● Exercise objective
Leaving out every picture, please repeat exactly the line that contains "lotto 6 aus 49 jackpot gewinner" and each line after it through the final line below.

● Dataset section

# # #

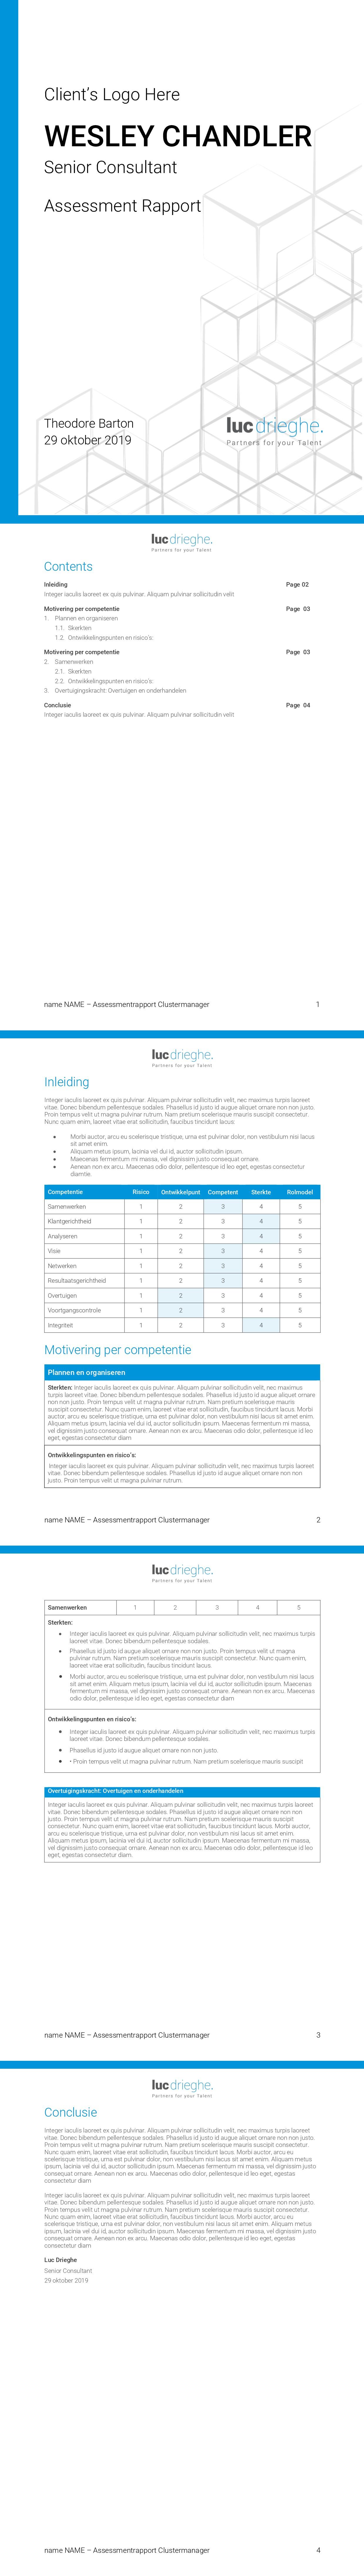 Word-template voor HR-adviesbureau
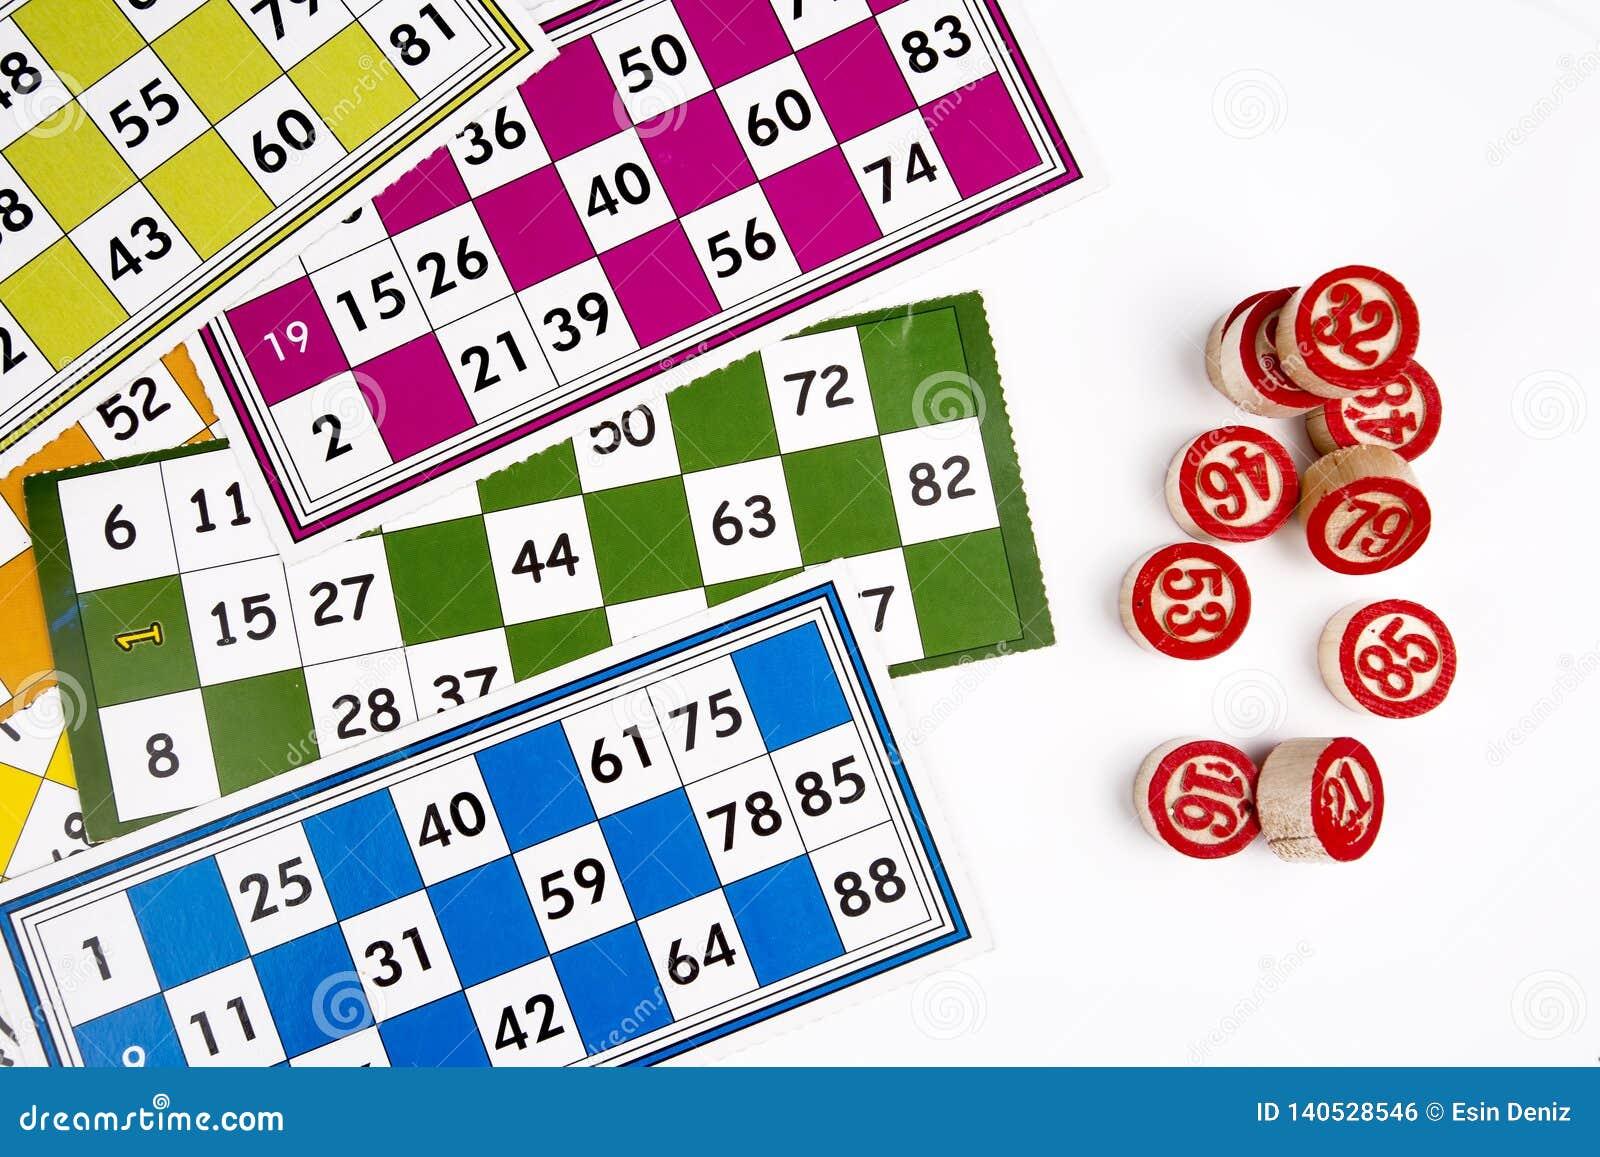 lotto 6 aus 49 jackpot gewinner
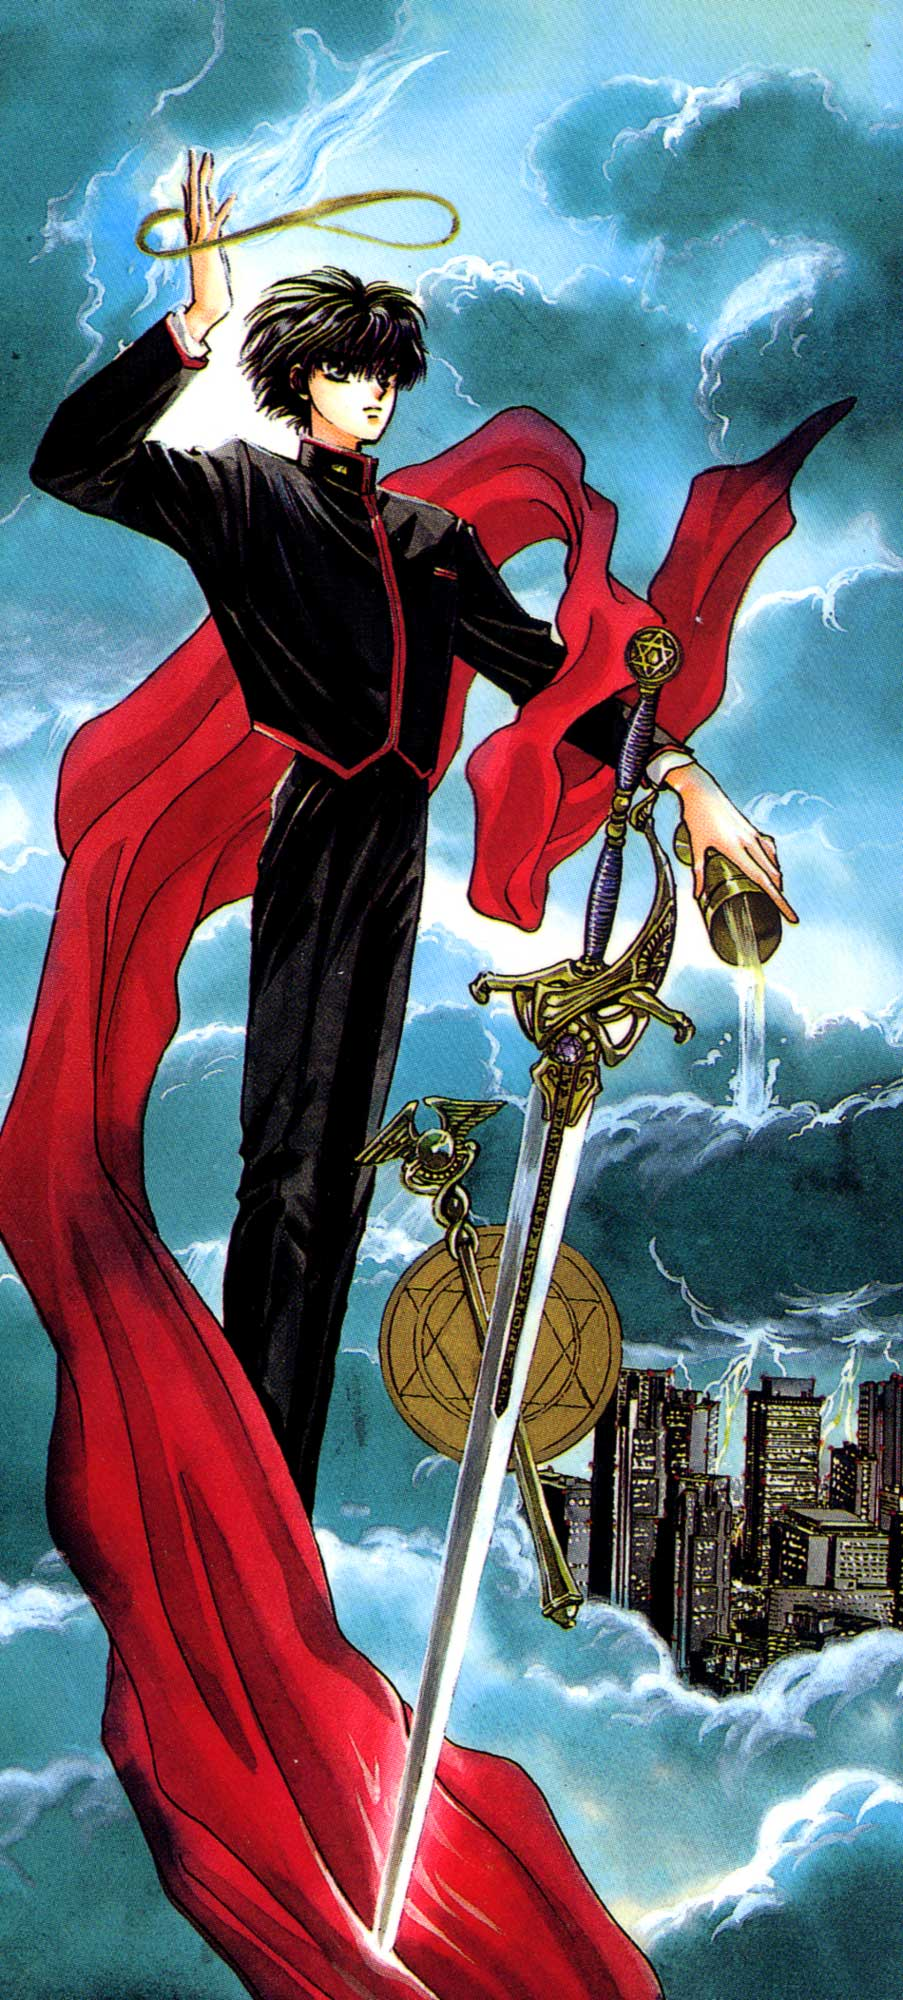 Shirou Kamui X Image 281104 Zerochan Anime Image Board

# # #

● Task output
 lotto 6 aus 49 jackpot gewinner
 Shirou Kamui X Image 281104 Zerochan Anime Image Board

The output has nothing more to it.